Every line below needs to be printed again exactly, without any of its pictures.
** Opening Supplied information block **
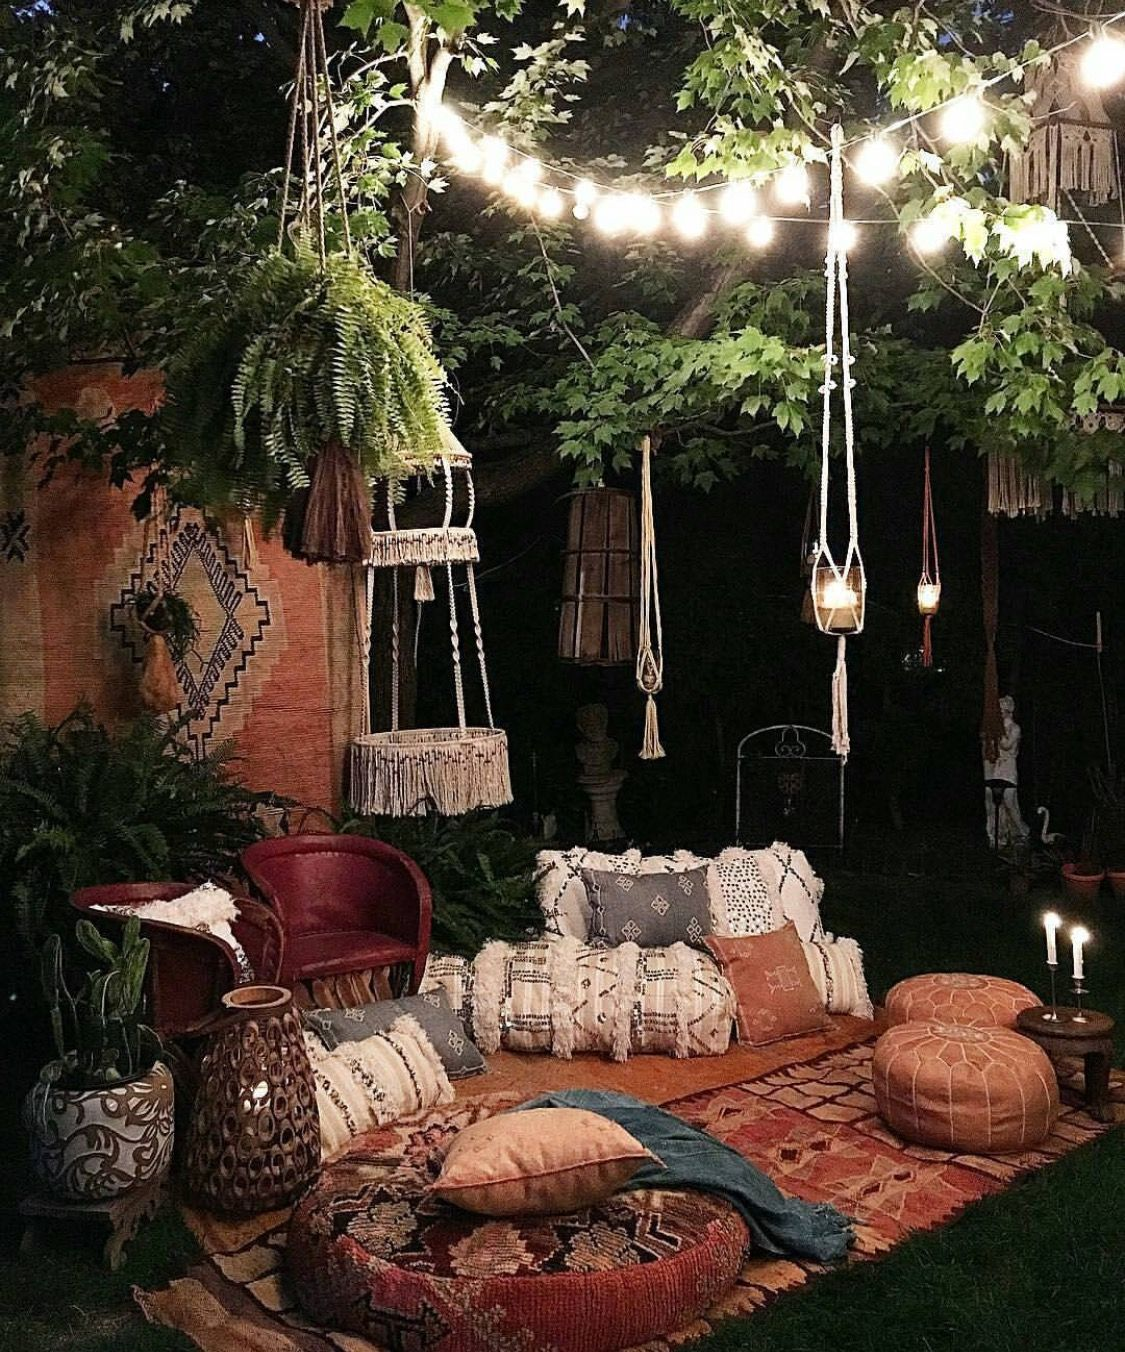 outdoor #decor#nature   Decor ideas! in 2018   Pinterest   Decor ...
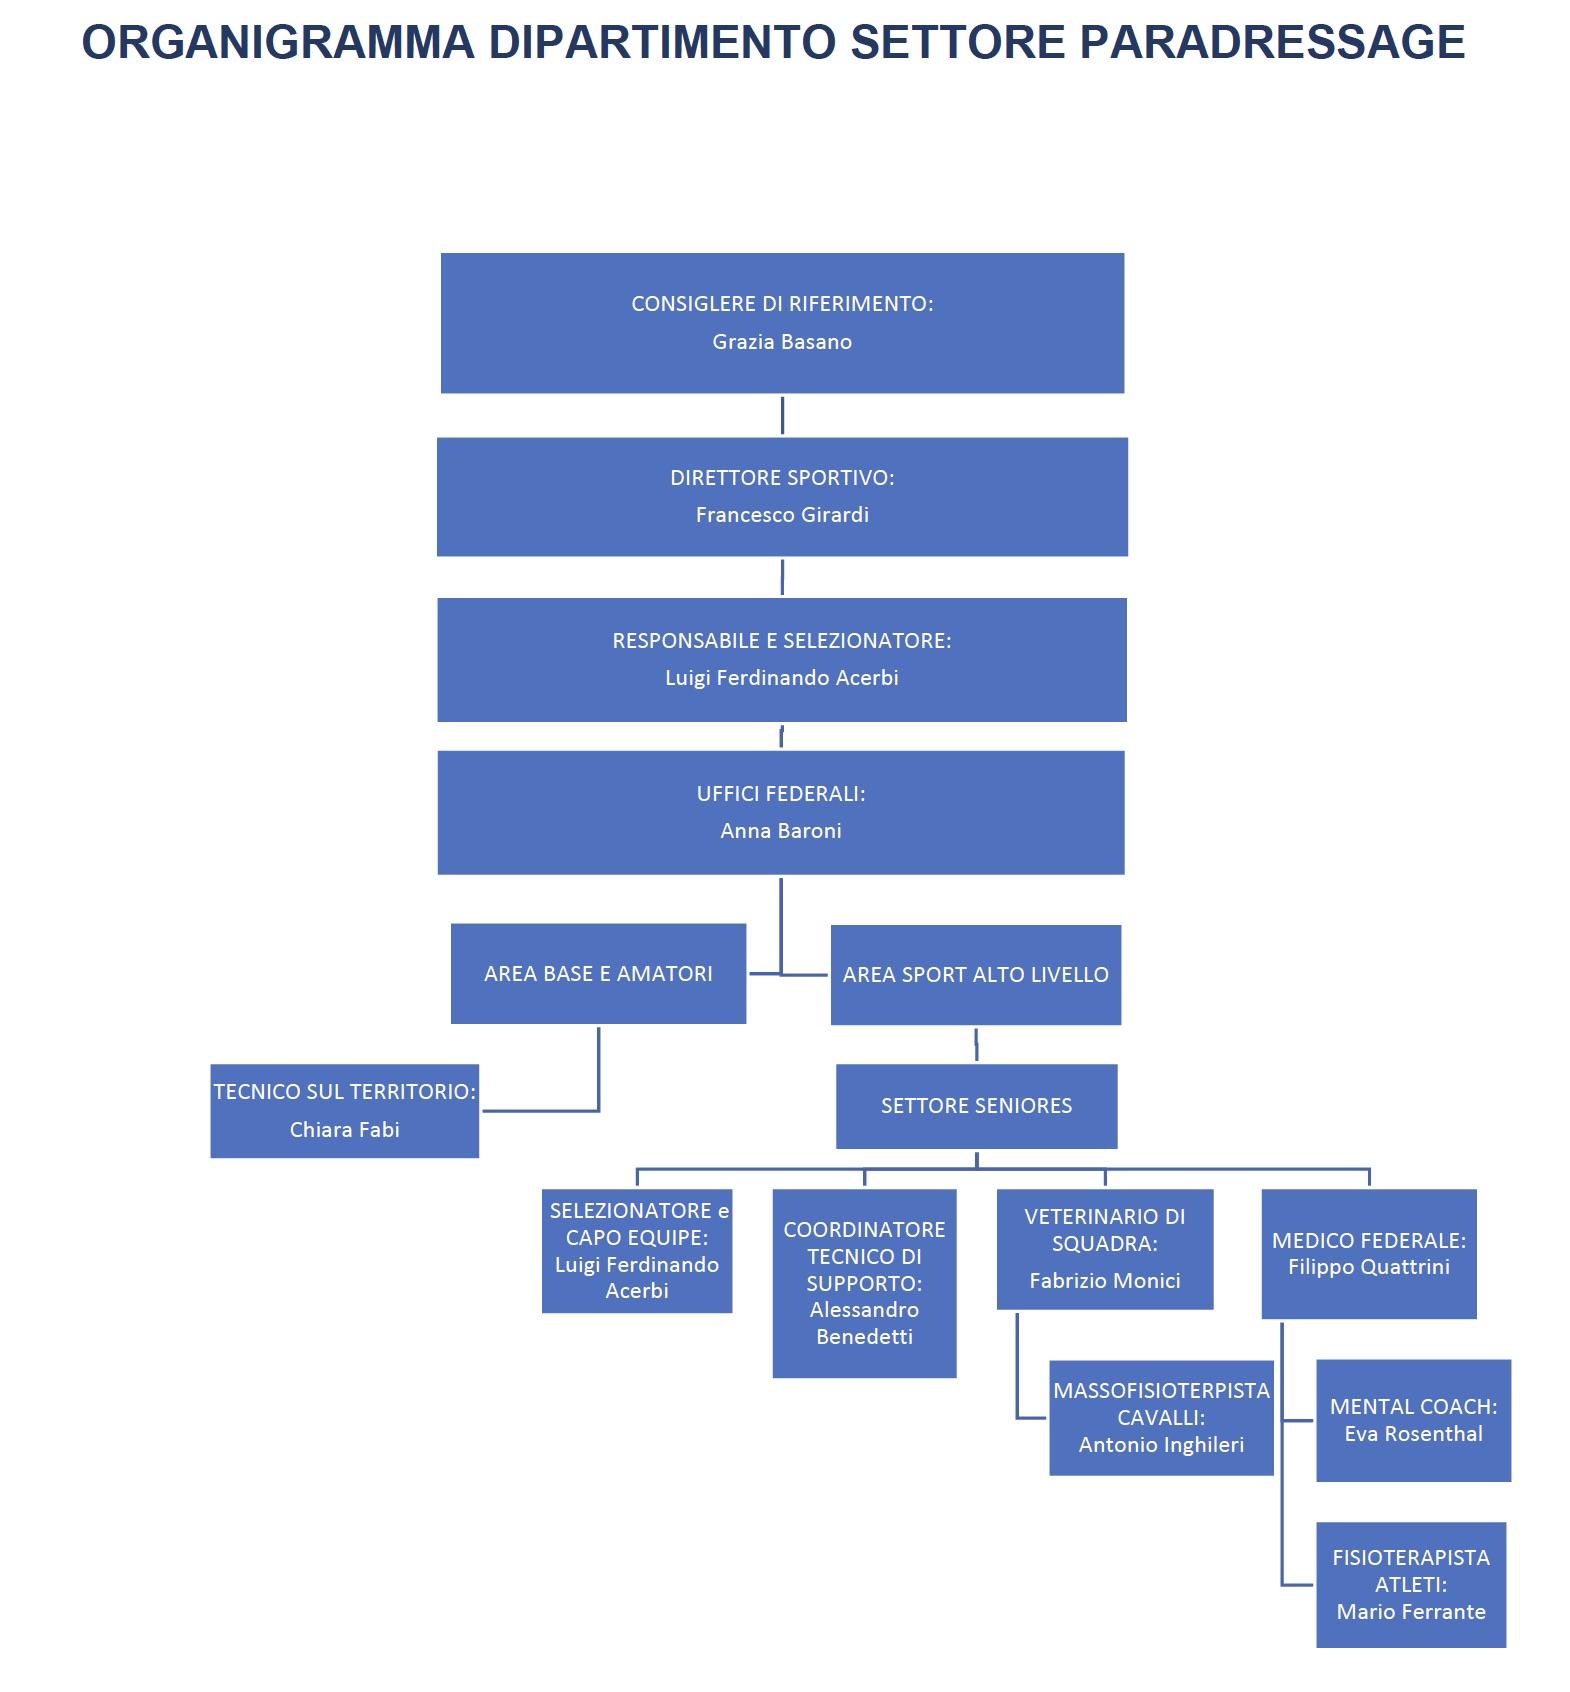 Organigramma Dipartimento Fise - Settore Paradressage 2020
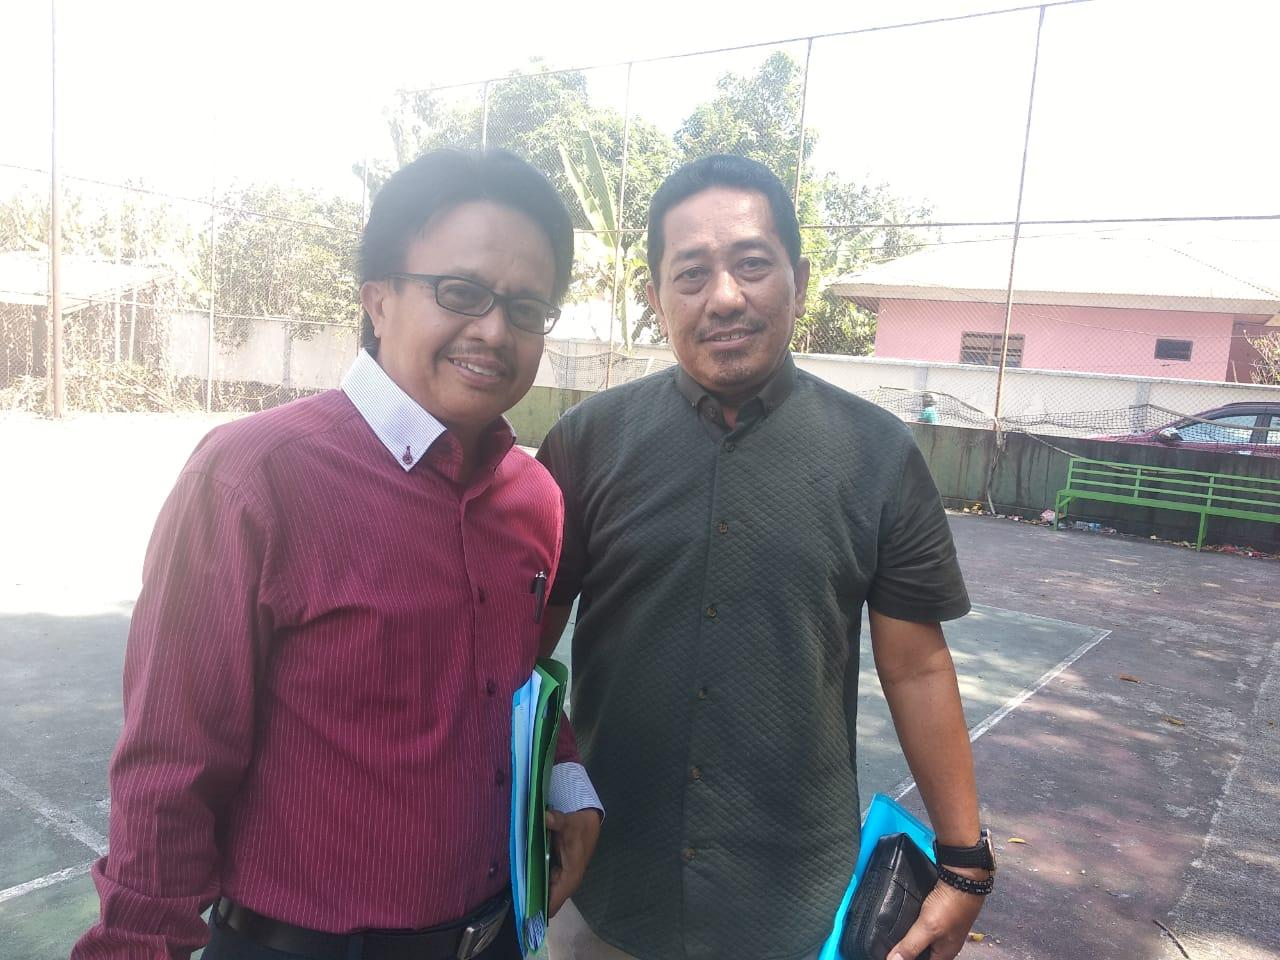 Sattar Dosen UMI Makassar Pimpin PELTI-PT LLDIKTI IX Sulawesi
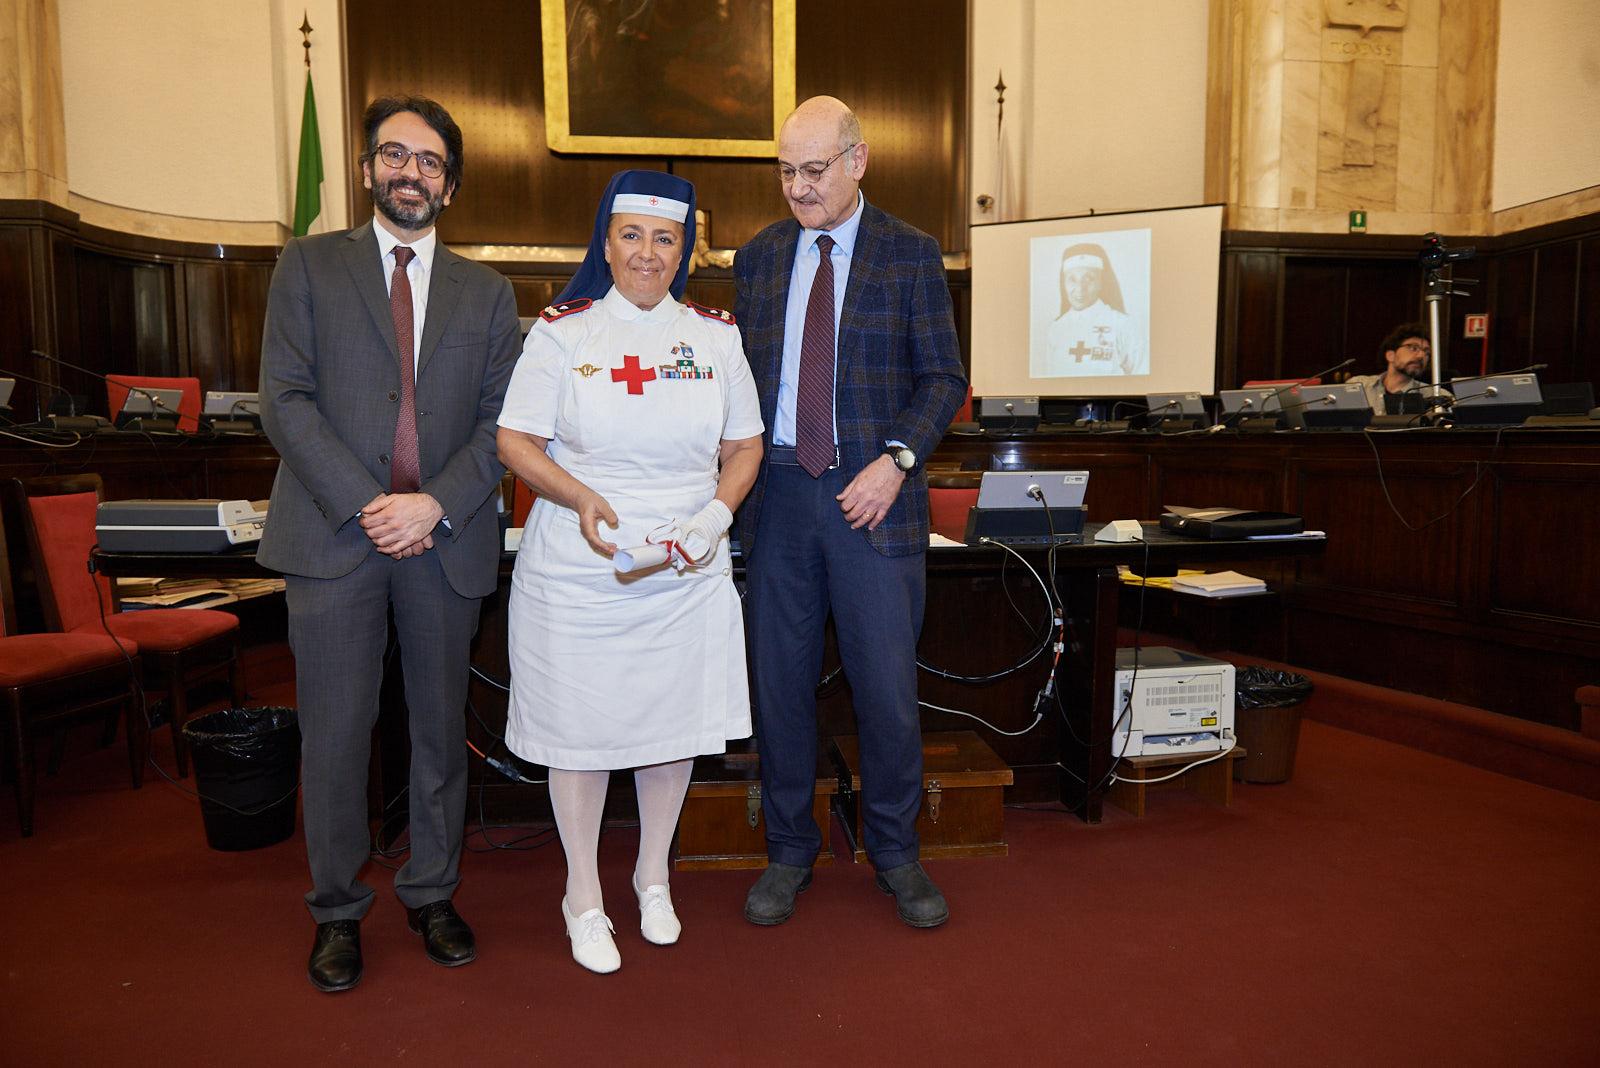 Sister Monica Dialuce Gambino picks up the parchment for Maria Vittoria Zeme
** Closing Supplied information block **
Response box:
 outdoor #decor#nature   Decor ideas! in 2018   Pinterest   Decor ...
 Organigramma Dipartimento Fise - Settore Paradressage 2020
 Sattar Dosen UMI Makassar Pimpin PELTI-PT LLDIKTI IX Sulawesi
 Sister Monica Dialuce Gambino picks up the parchment for Maria Vittoria Zeme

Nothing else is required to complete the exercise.